─── Supplied information ───

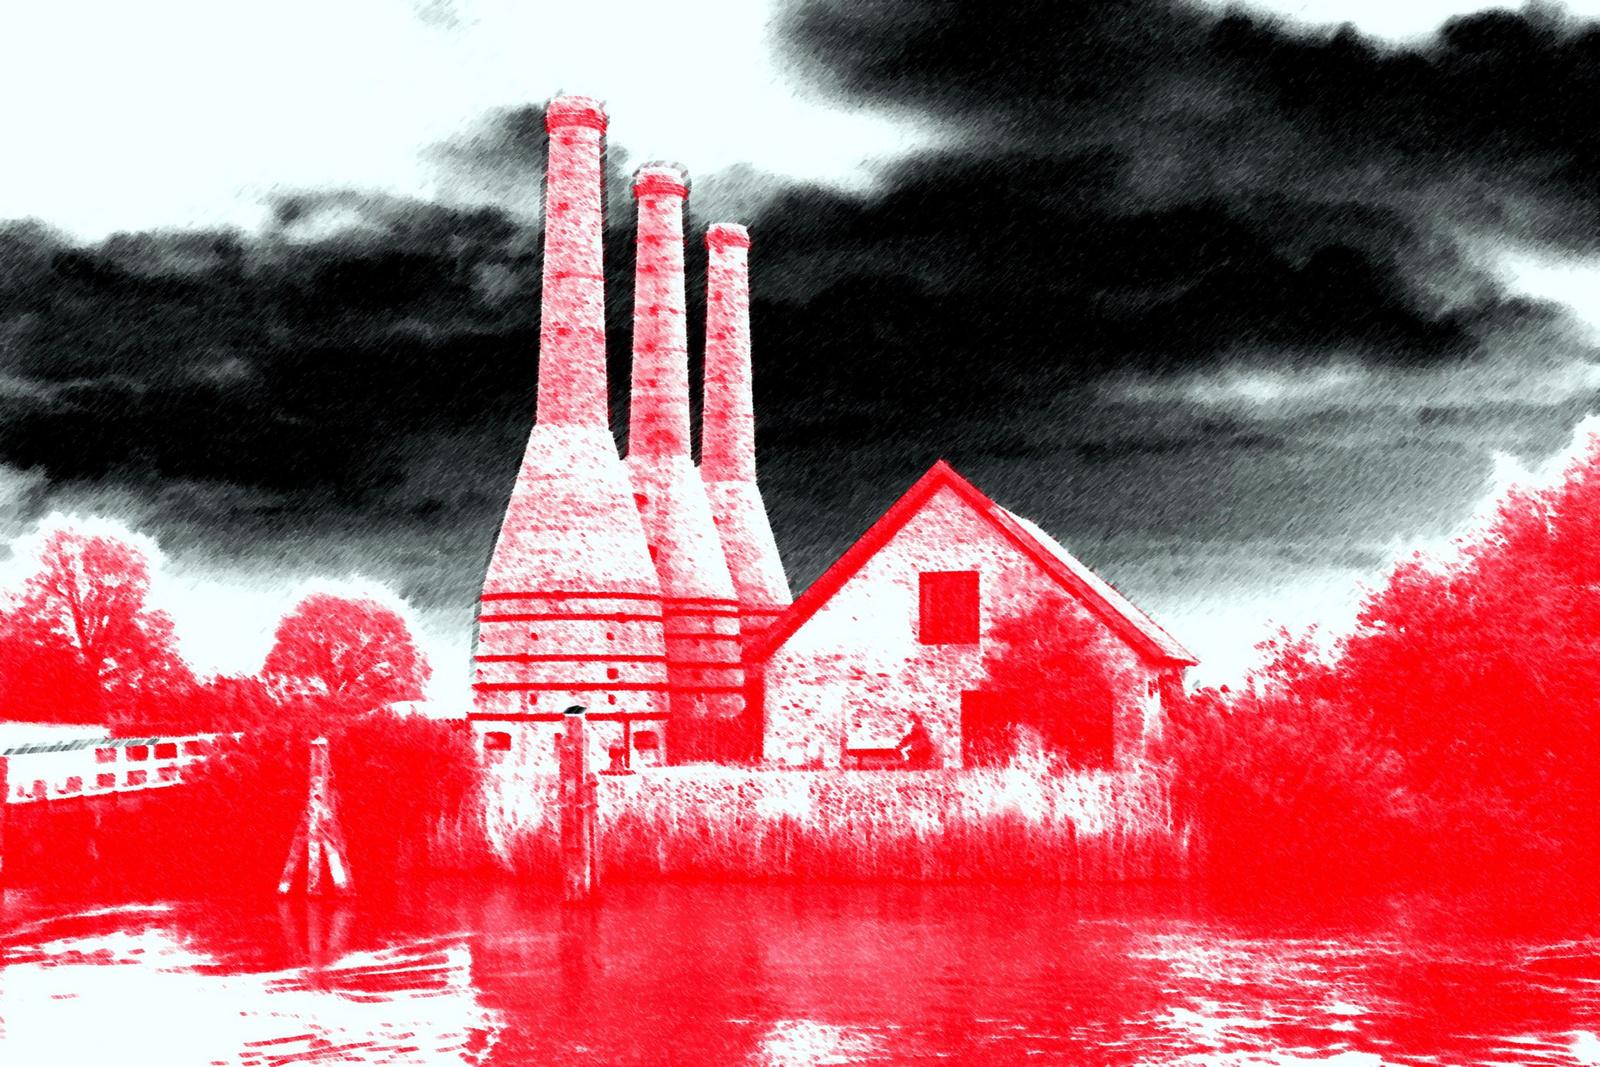 02 Vörös és fekete
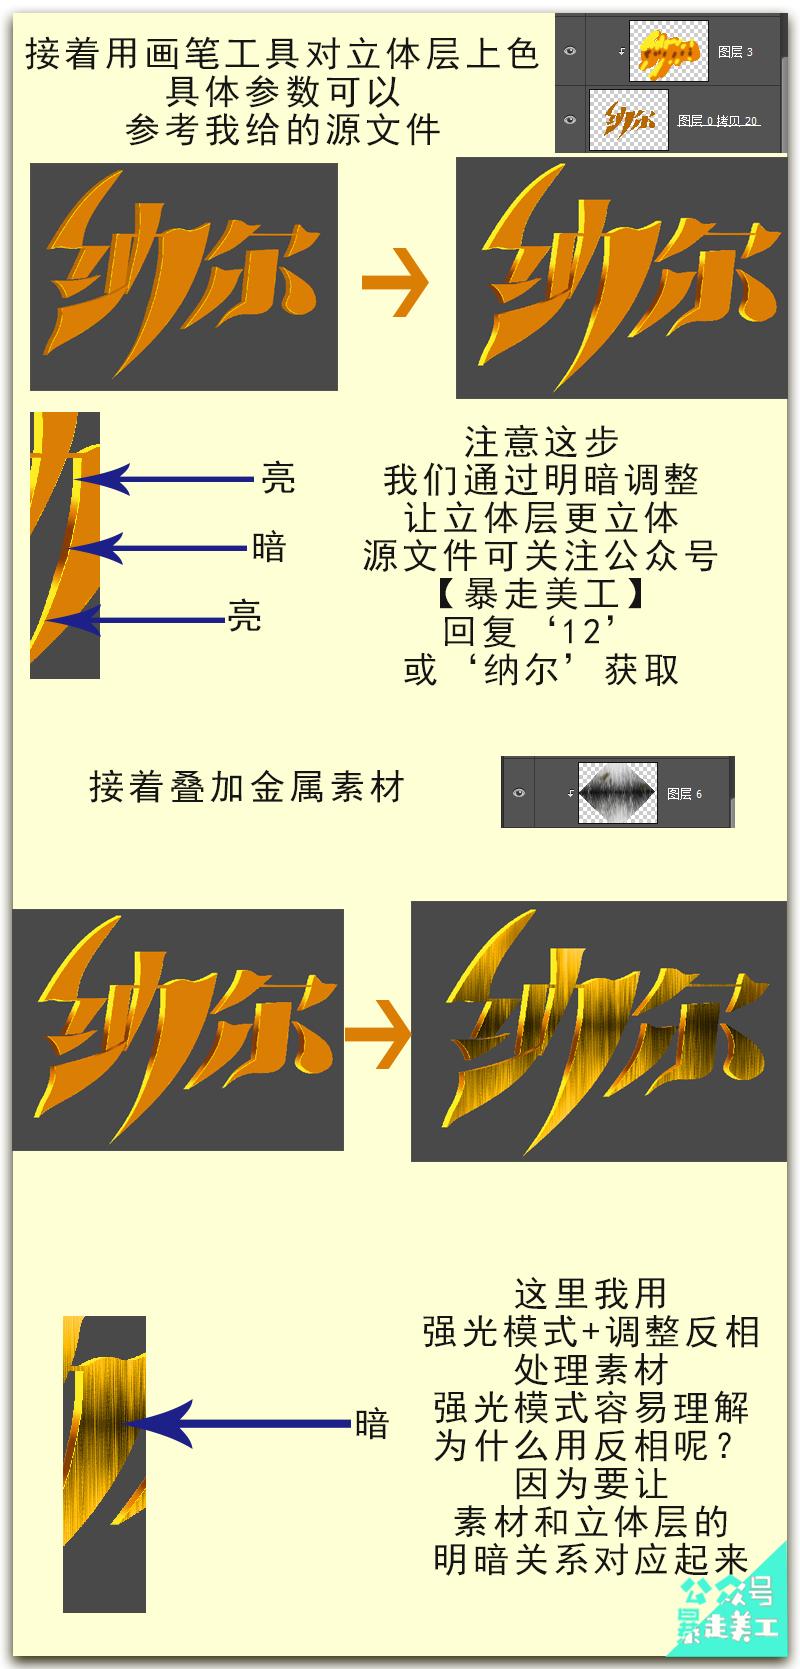 Photoshop製作金屬質感的黃金藝術字教程
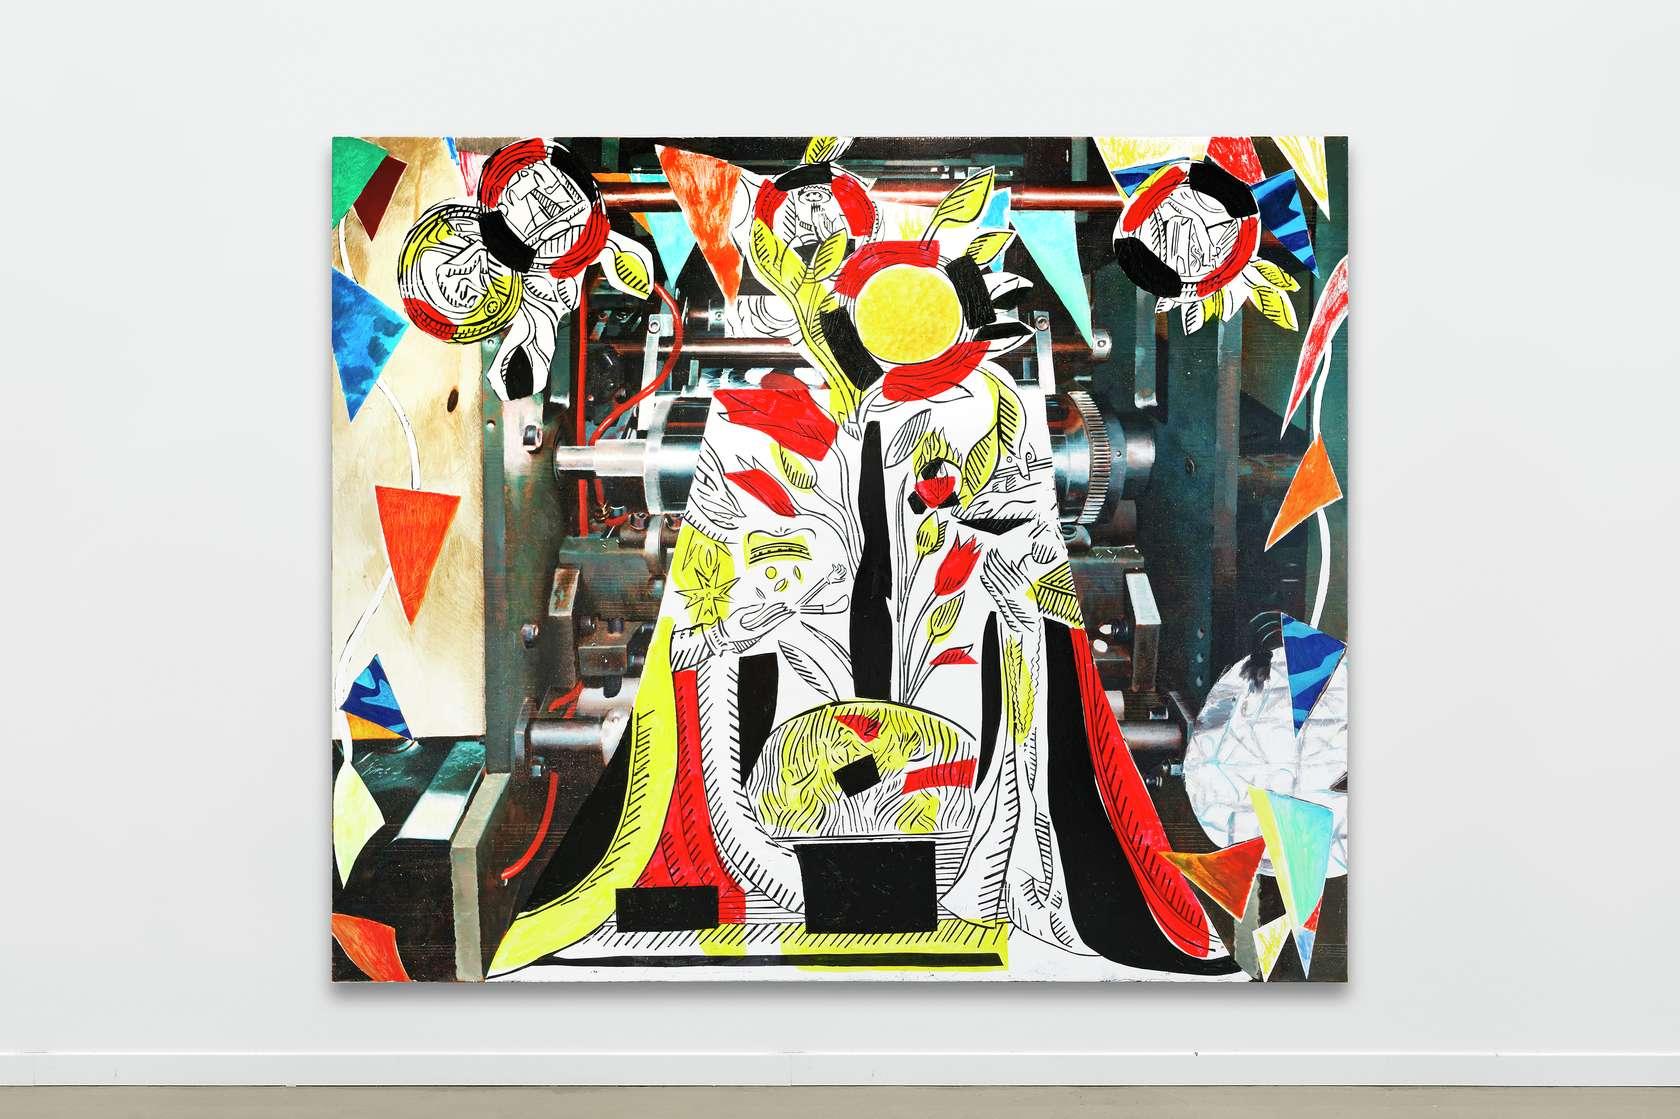 Laurent Proux, Roses et épines, 2018 Huile sur toile200 x 240cm / 78 6/8 x 94 1/2inches

───

# About this exercise
Transcribe the material exactly, and leave out whatever pictures it holds.

# Solution to this problem
 02 Vörös és fekete
 Photoshop製作金屬質感的黃金藝術字教程
 Laurent Proux, Roses et épines, 2018 Huile sur toile200 x 240cm / 78 6/8 x 94 1/2inches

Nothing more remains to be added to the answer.